|Man Without Qualities|
Monday, March 08, 2004
If the recovery is and remains "jobless," it is possible President George W. Bush might not be re-elected, as happened to his father in 1992. But it's worth noting that after that election, the revised 1992 employment numbers were better than had been thought. Payroll employment was initially reported to have risen only 423,000 during 1992, - but that number was later revised to 1,157,000. That made for an average of 96,417 per month during 1992 - in contrast to the average 35,250 per month thought to be the case while the campaign was being waged. It would be an irony for George W. Bush to succeed in avoiding all of his father's mistakes, but nevertheless failing to be re-elected because the Department of Labor statisticians had not failed to avoid the mistakes of their predecessors from 1992. Life is not always fair - but irony in politics always comes cheap.
The Man Without Qualities believes that it is rather likely that the economy is again creating more jobs (and more payroll jobs) than shown by the government's initial reports. That phenomenon occurred every year from 1992 through 2000 - with an upward revision averaging 609,000 per year. Downward revisions of 519,000 and 579,000 occurred for 2001 and 2002, respectively, with another upward revision of 203,000 for 2003.
My suspicion that official employment numbers are now understating employment - even payroll employment - follows from the recent drop in the applications for "continuous" unemployment benefits. In the week of December 27, 2003, there were 3,278,000 "continuous" claims, but during the week of February 21, 2004 "continuous" claims were down to 3,091,000. Changes in payroll employment are generally correlated with the inverse of the number of such claims (the correlation between payroll employment and initial unemployment claims isn't as good as the correlation between payroll employment and continuous unemployment claims).
The correlation between payroll employment and "continuous" unemployment claims should lead to annualized gains exceeding 1% - or 1.3 million jobs gains (averaging 108,000 per month). In contrast, the past three months have averaged 42,000 job gains per month.
In late 1992 the number of unemployment insurance applications declined - and payroll employment growth then rose to almost 2% from about 0. Of course, there is no guaranty that the same thing is happening now - indeed, the labor market of 2004 is full of surprises. For one thing, "continuous" benefit applications may be down because they have expired for soem workers.
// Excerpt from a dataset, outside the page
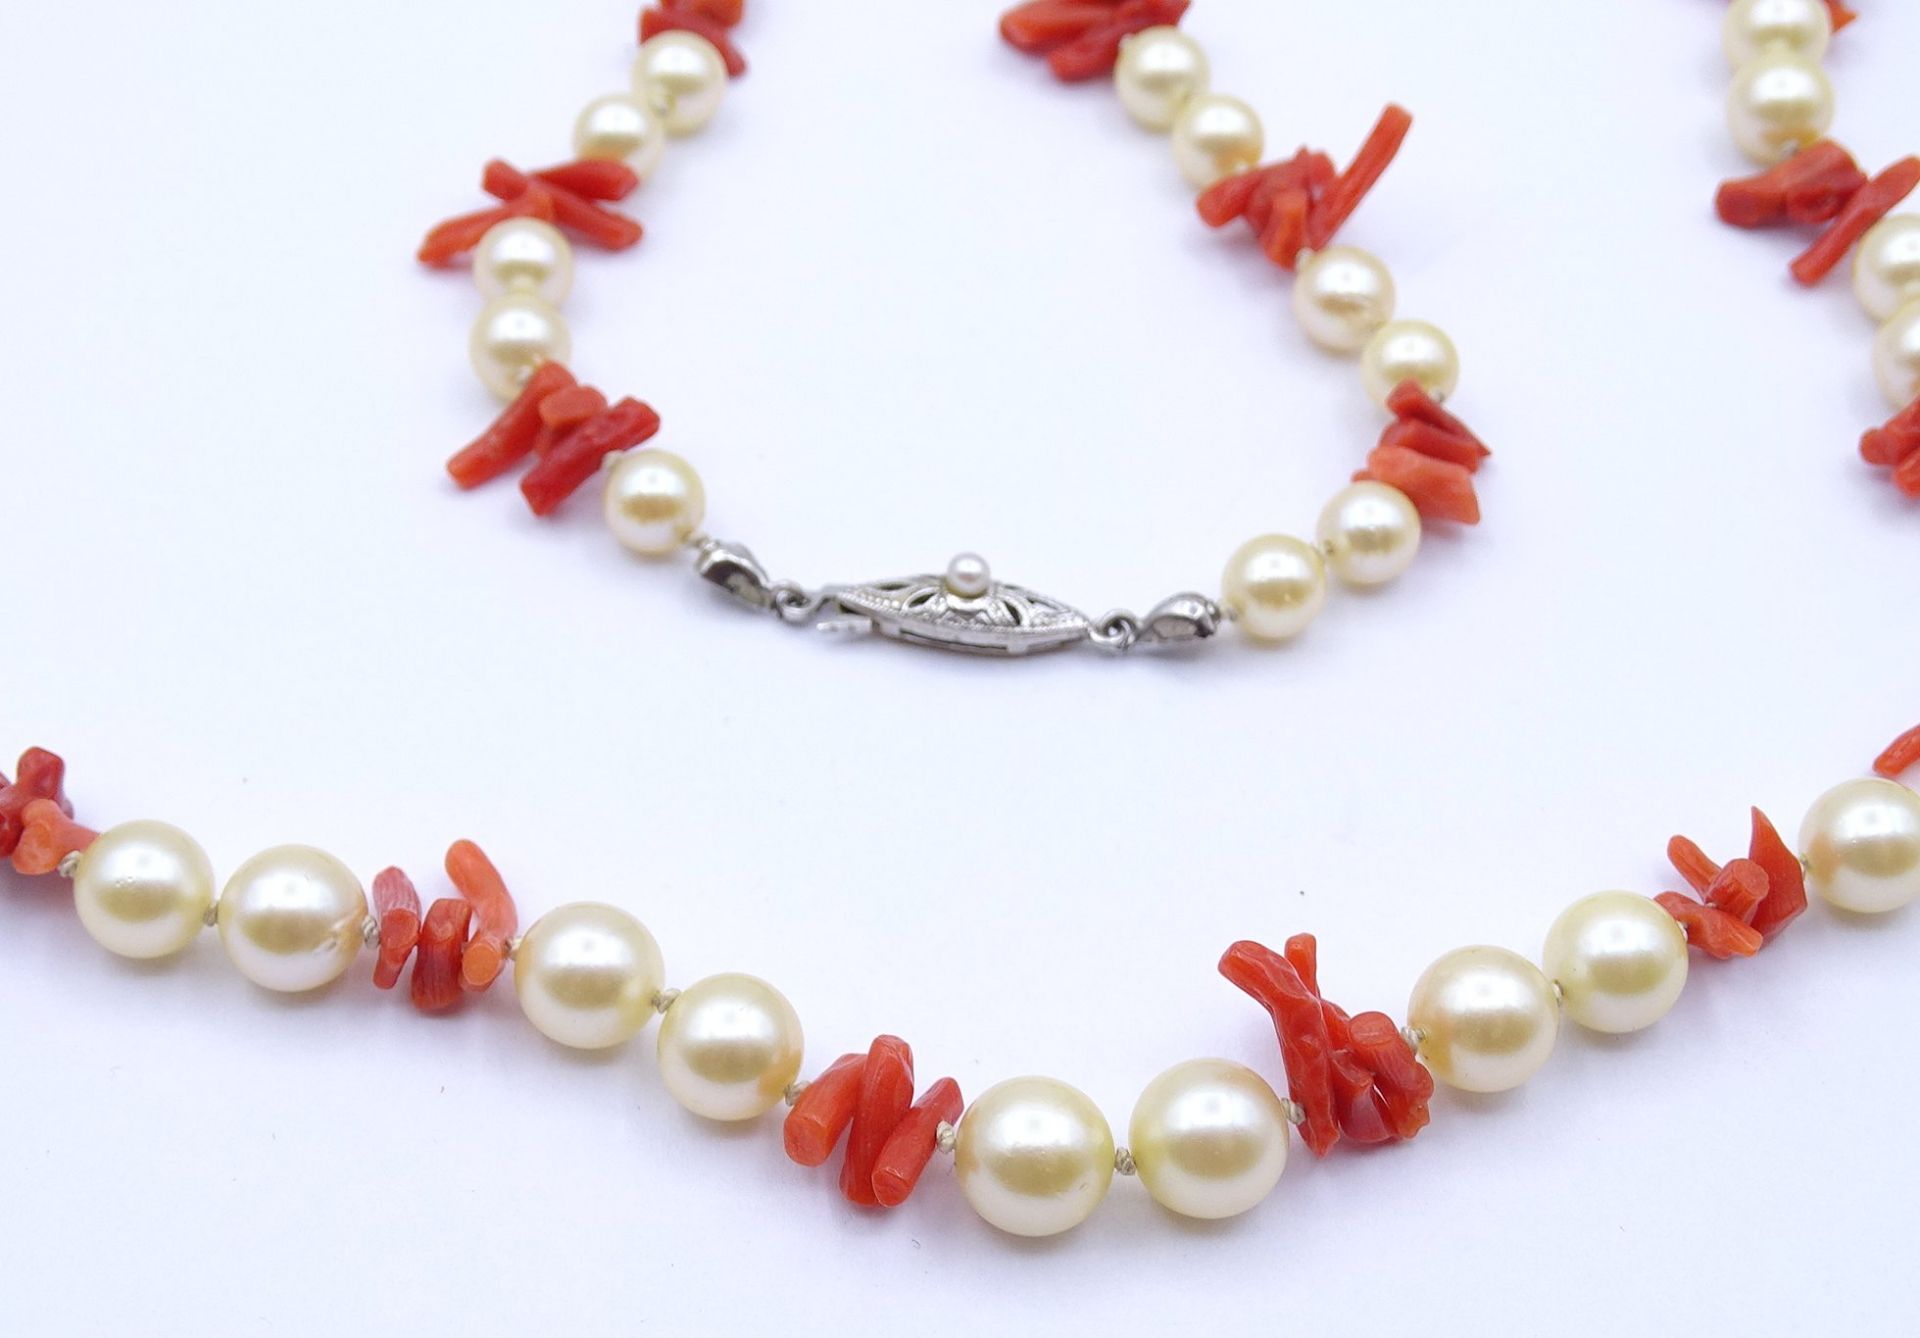 Halskette mit Perlen und Korallenstäbe, Bicolor Goldverschluss GG/WG 0.585, L. 80cm, 42,8g. - Image 3 of 4

But, then, the whole focus on "job creation" is somewhat problematic from a political (election) perspective. The unemployment rate is now only 5.6% - and it is the unemployment rate that historically has had the strongest correlation to election results, not "job creation." It appears correct that the unemployment rate would be higher but for "discouraged workers" - but that is always the case. The number of "discouraged workers" is not particularly high. In addition, many people have observed that higher mandated worker benefits may be discouraging payroll employment. But, if that effect is significant, it should also be true that higher mandated worker benefits may be discouraging reporting of payroll employment. Indeed, some countries with very high mandated benefits (Italy, for example) have correspondingly huge "undocumented" sectors - it would make some sense that increased government-imposed labor costs would expand the "undocumented" sector of the US labor market, too. One would expect "off the books" employment especially at smaller businesses - and USA TOday, for example, says that smaller businesses don't seem to be reporting as many hires as expected. Moreover, the same article goes on to explain somethng noted here in prior posts:
[T]he Labor Department may not be capturing a key source of post-recession job gains: newly self-employed workers who aren't counted in the agency's monthly surveys. The number of these tiny start-ups is growing, says Mark Zandi, of consultant Economy.com.
The labor market of 2004 - as perused in the comfort of the future - may hold more surprises for us than we dream of today.
But all that might - or might not - help Mr. Bush.
I neglected to mention that - as noted in a prior post - the employment component of the Institute for Supply Management’s manufacturing index has been very high for several months - which is also consistent with hiring possibly being more substantial than the initial government reports indicate.